Maguire makes clear that, in addition to supervising the arms imports, the RUC Special Branch were unconcerned over the increasingly murderous activities of a UVF gang within the area of its Newcastle subdivision, near Loughinisland. Despite a series of brutal killings, intelligence related to the UVF unit generated “little by way of a sustained policing response.” Special Branch intelligence “was not always disseminated to investigators.”
One batch of intelligence relating to a murder and attempted murder was marked “NDD/Slow Waltz” (NDD = No Downward Dissemination). This shooting, at the Theirafurth Inn in East Belfast in 1992, was strikingly similar to the Loughinisland shooting 20 months later.

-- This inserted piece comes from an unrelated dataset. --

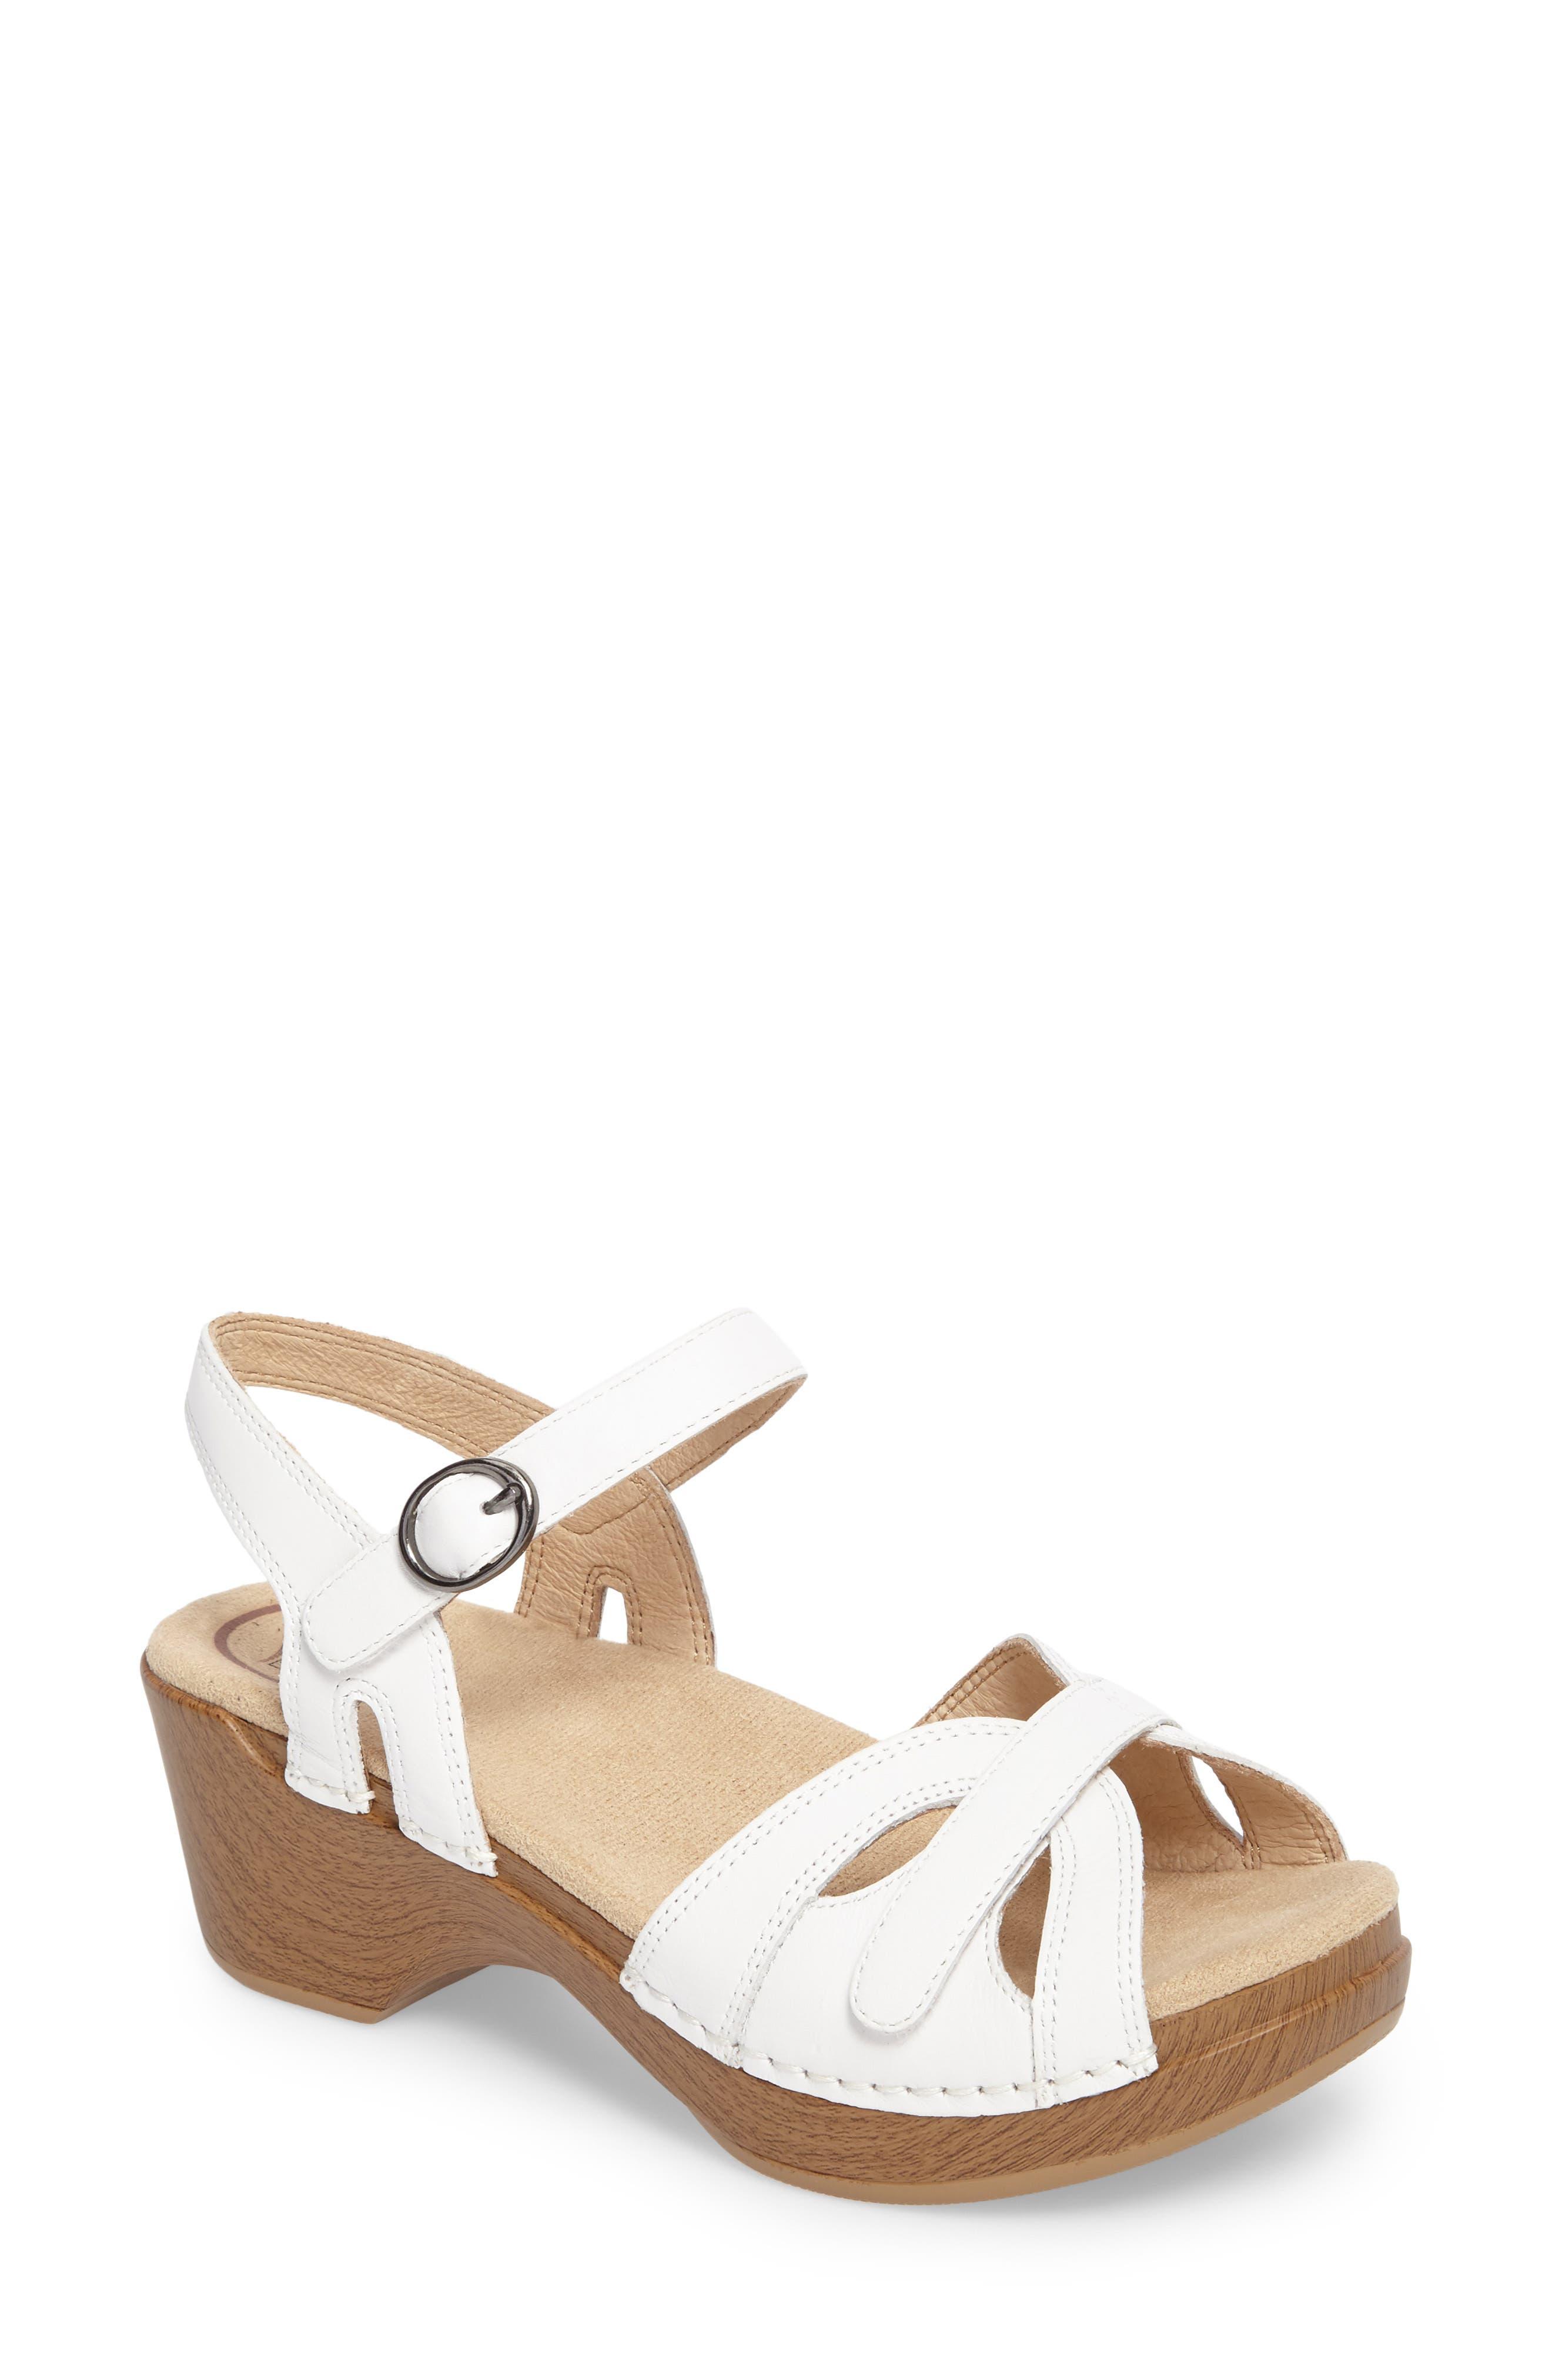 DANSKO Season Sandal, Main, color, WHITE LEATHER

In paragraph 5.79, Maguire writes that according to evidence from one police officer, the entire “Newcastle subdivision had been compromised ... either through direct involvement with loyalist paramilitaries, associations or sympathies.” He warns that as a result the UVF unit “may well have been encouraged by the absence of a concerted effort against them.”

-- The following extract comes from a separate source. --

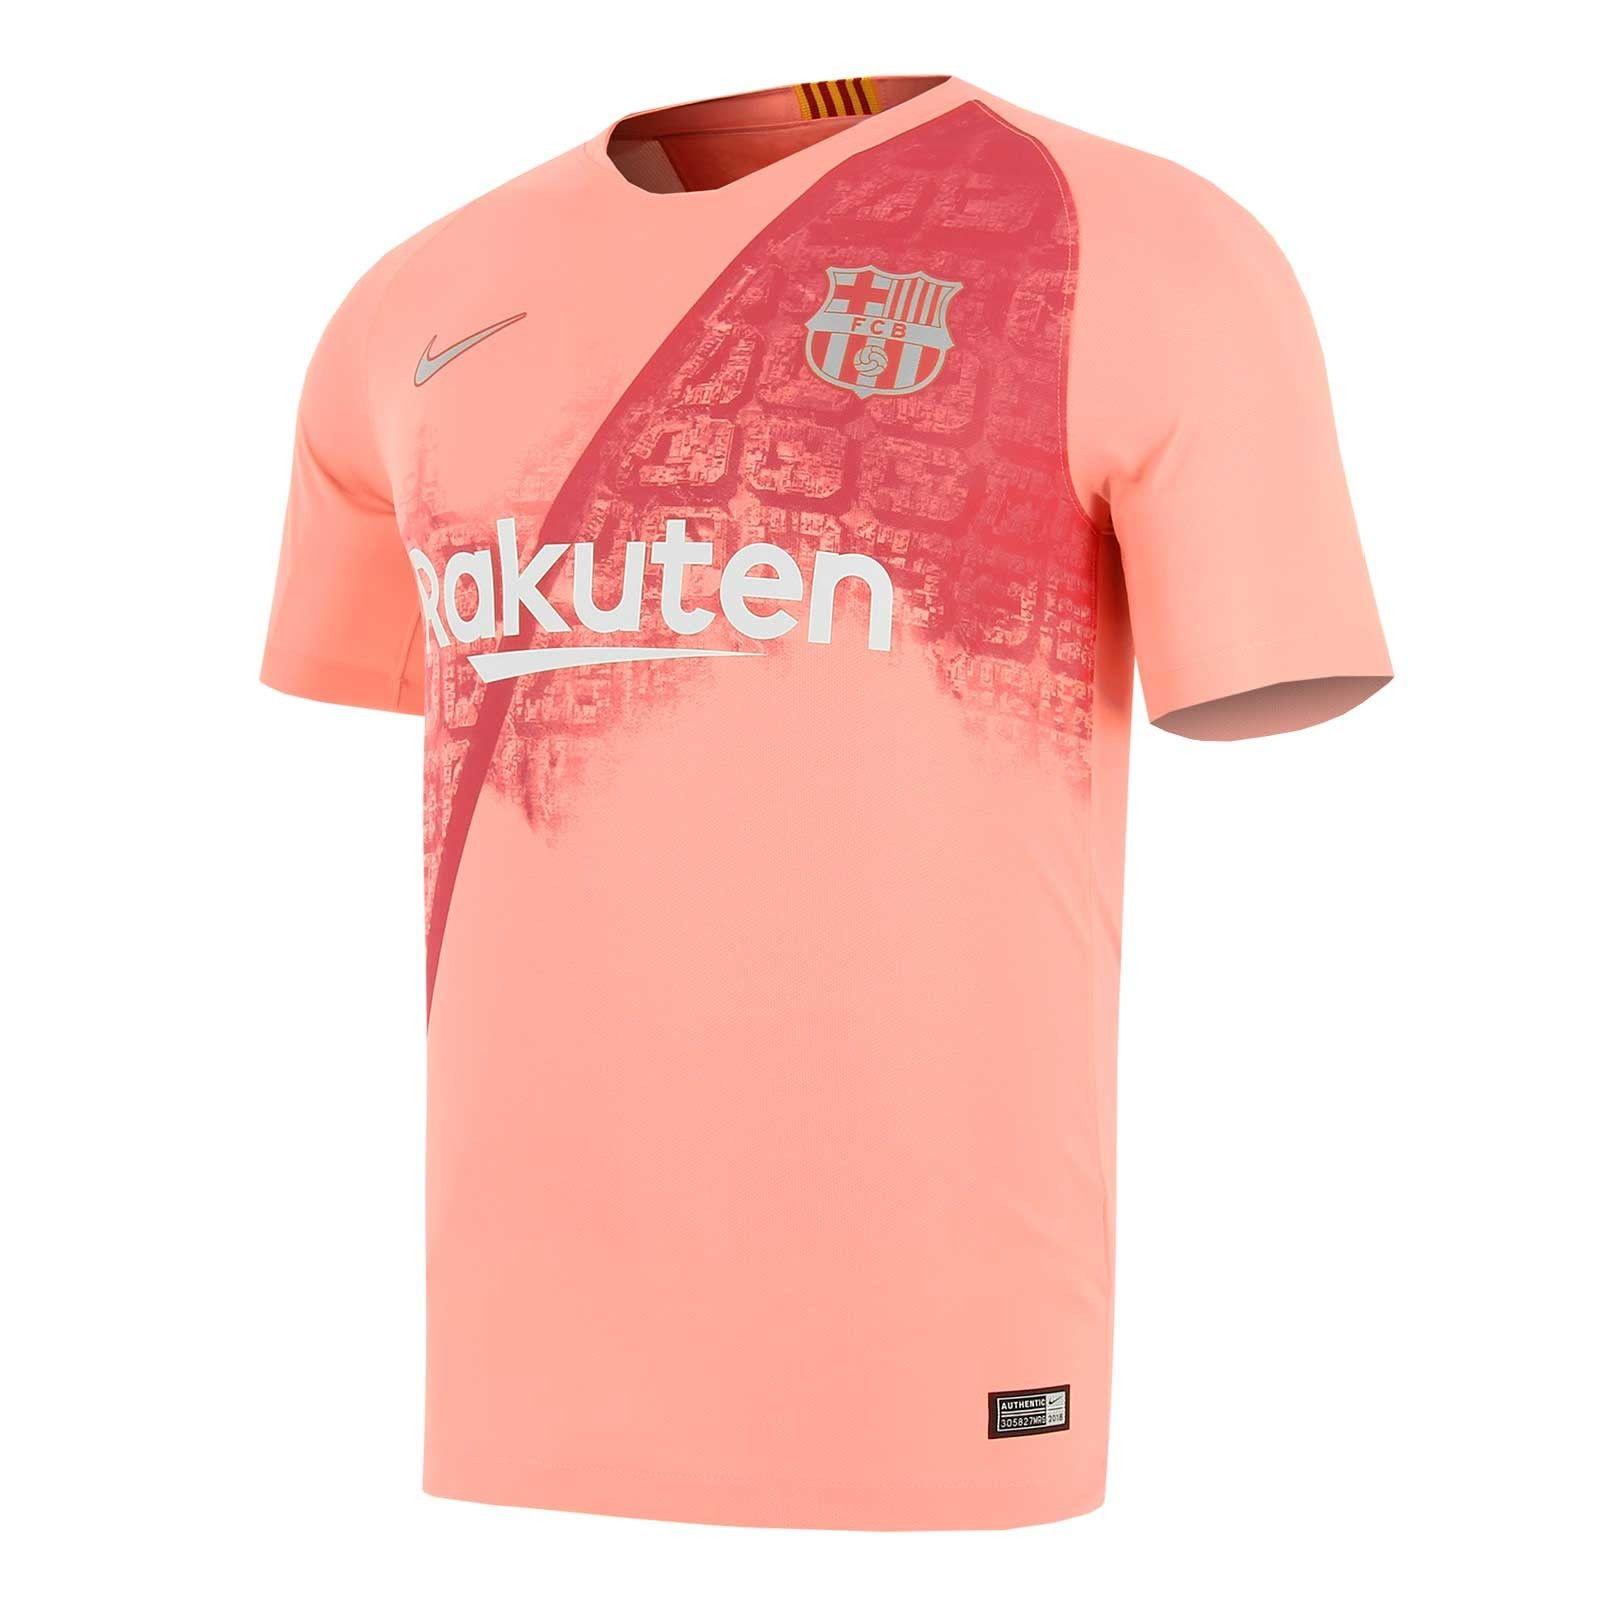 Camiseta Nike Barcelona 3a 2018 2019 Stadium  2ac13d68ea2

In the immediate aftermath of the shooting, Maguire concludes that the police investigation of the crime scene itself was competent enough. However, he identifies a host of later failings. The getaway car broke down and appears to have been pushed into a field, close to the home of two individuals who would later be suspects, but the area around the car was never searched. The ownership chain of the vehicle was tardily investigated. The home of a man who sold the car for cash one week before the shooting was never searched for forensic evidence. Although searched initially, the vehicle was subsequently stored outdoors and destroyed after only a few months.
Even then, within days, investigating police had a clear idea of who carried out the attack. Maguire says that Special Branch had a “sound intelligence case” as early as June 19, 1994, and had a “compelling case for early arrests, enabling the exploitation of a range of forensic and other evidential opportunities, including securing evidence through questioning.”

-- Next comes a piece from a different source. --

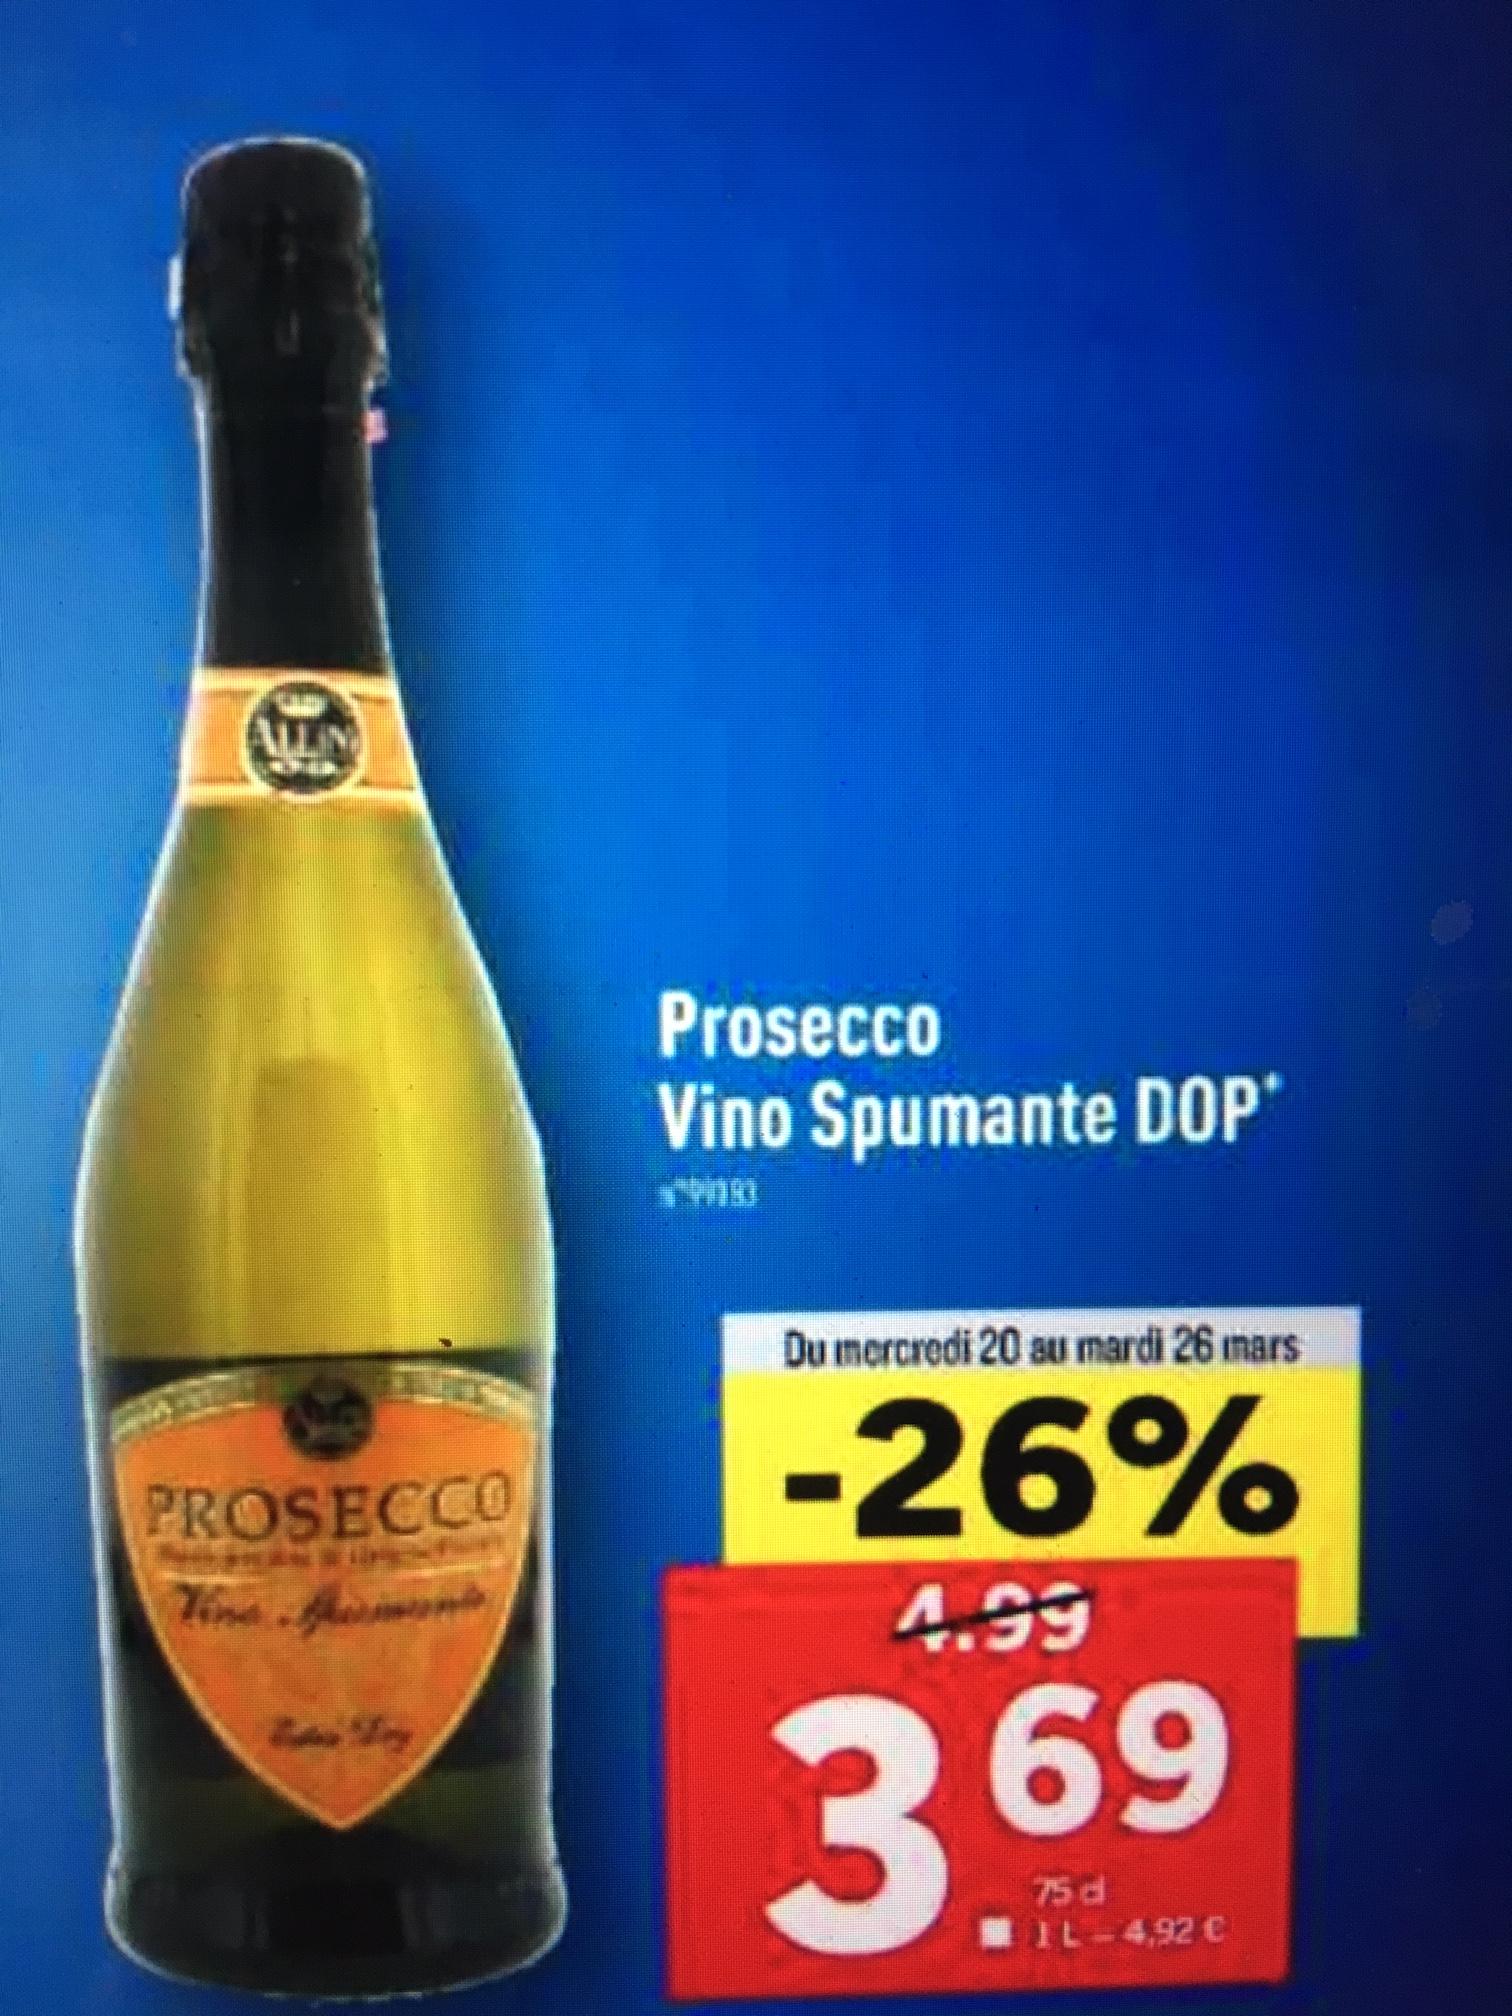 1 Bouteille de Prosecco Vino Spumante DOP - 75cl

According to Maguire, the failure of an unnamed police officer “Police Officer 8” to act on this was “catastrophic for the investigation.” When suspects were eventually arrested, they were given a day’s warning via an uninvestigated police leak. Police Officer 8 refused to be interviewed by Maguire and refused to provide records of his activity.
In his conclusion, Maguire explains, “[T]he desire to protect informants may have influenced policing activity and undermined the police investigation into those who ordered and carried out the attack.” He warns of “a corrupting involvement, tacitly or otherwise, in serious criminal acts.” Finally, he states, “I have no hesitation in unambiguously determining that ‘collusion’ is a significant feature of the Loughinisland murders.”
Maguire still pulls his punches, however, insisting, “The protection of police informants is not a sinister act but one which is entirely reasonable in order to protect the life of an informant.”
This presentation of the British state’s security operations in Northern Ireland is unsustainable, as the evidence in Maguire’s own report makes clear. Rather than corruption, the use of hundreds if not thousands of state informants in atrocities such as the 1974 Birmingham pub bombings, the 1976 Kingsmill massacre of Protestant workers, the Kincora boys’ home abuses, murders by the British “Stakeknife” agent in the Irish Republican Army, to name only a few, points to a sustained and systematic policy.